Surely for the collapse of the criminal justice system, CBI is not responsible. Despite, having the best legal brains and a Permanent Law Commission, the successive Governments have failed to discharge their fundamental duty of ensuring justice for all. Not only that, no State Government has carried out the Supreme Court judgment delivered more than two years ago, for police reform, for the simple reason that it will take away their authority to manipulate the police or its agencies to suit their political requirements. The Central Government could have passed a Model Police or a CBI Reforms Bill and directed the State Government to fall in line. Not only that, to weaken the CBI, the Government has decided to have a separate prosecution department, which will have nothing to do with the CBI. The Government calls it the Independent Department. How can it be independent, unless a specific law is passed? It will be an extension of the Law Ministry.
It is always possible to have two different and completely opposite opinions in law. Once while working at a junior level, I wanted to have a legal opinion about a case from a friendly legal officer. Before sending the file to him, I rang him up and asked him about the case. He asked as to what opinion I wanted, whether for or against.

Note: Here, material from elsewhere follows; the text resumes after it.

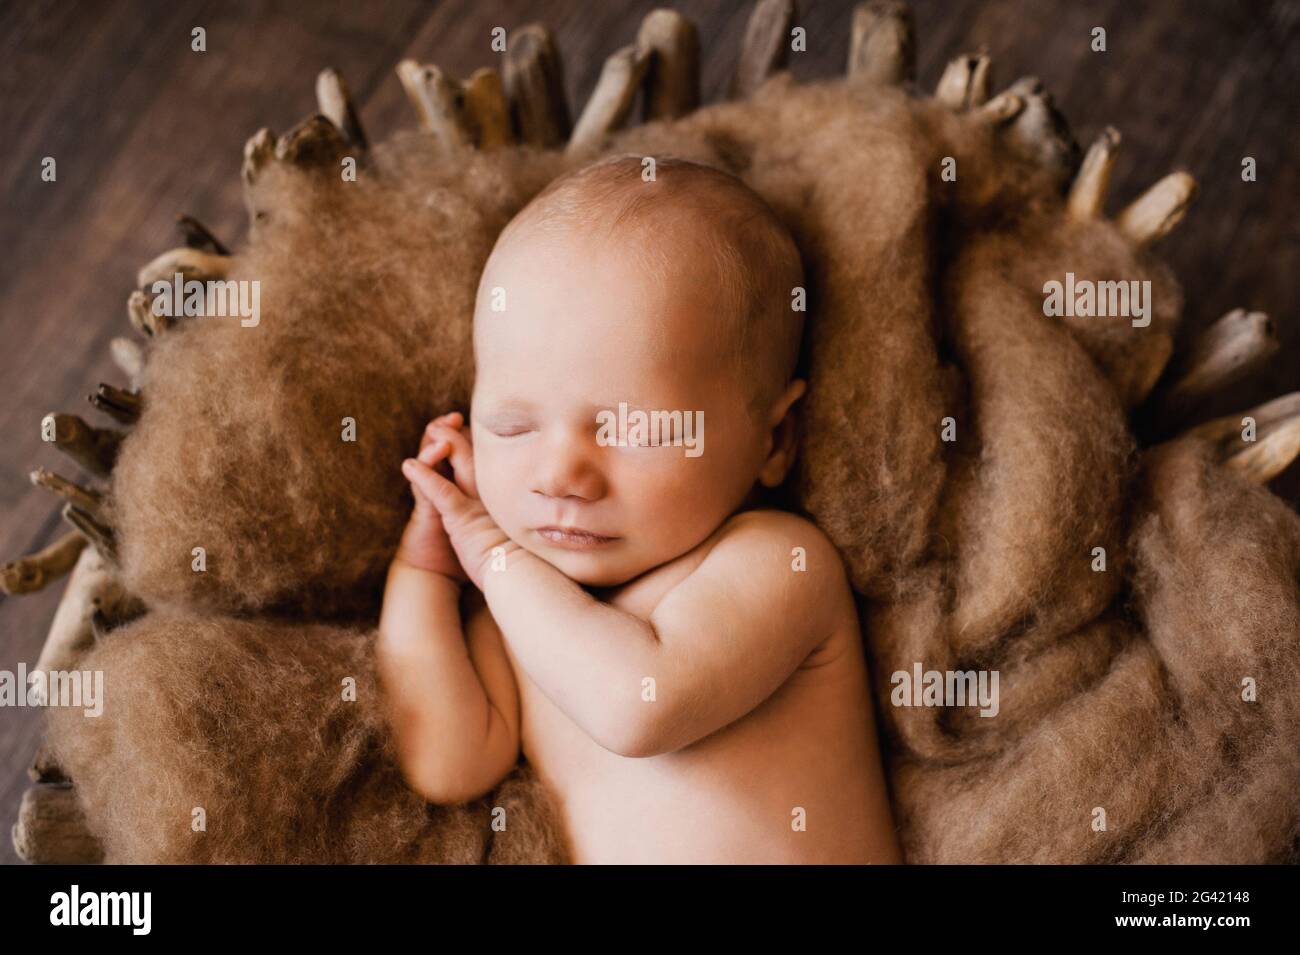 An infant sleeping with her hands under her cheeks at a newborn photoshoot Stock Photo

There is no doubt that no Government wants to loose its control on the CBI or the State Police, notwithstanding that ‘Justice for All' is the slogan of all political parties. Anybody who is involved in a CBI or a Police case will use all means, both fair and foul, and all possible influence, he or she can muster. He cannot be hauled for contempt of CBI. Some, to express their resentment, use the trick of throwing shoes and others use other means, like of force. We must remember that many a good intention dies from inattention. I do not say that CBI has no faults. Like all human institutions, it is subject to pulls and pressures, but has done very well despite constraints. It is time to strengthen it and it can be done only by giving it an independent status.
It will be vital to keep in view what Abraham Lincoln once said; “I sometimes wish that people would put a little more emphasis upon the observance of the law than they do upon its enforcement. We live in a stage of politics, where legislators seem to regard the passage of laws as much more important than the results of their enforcement.”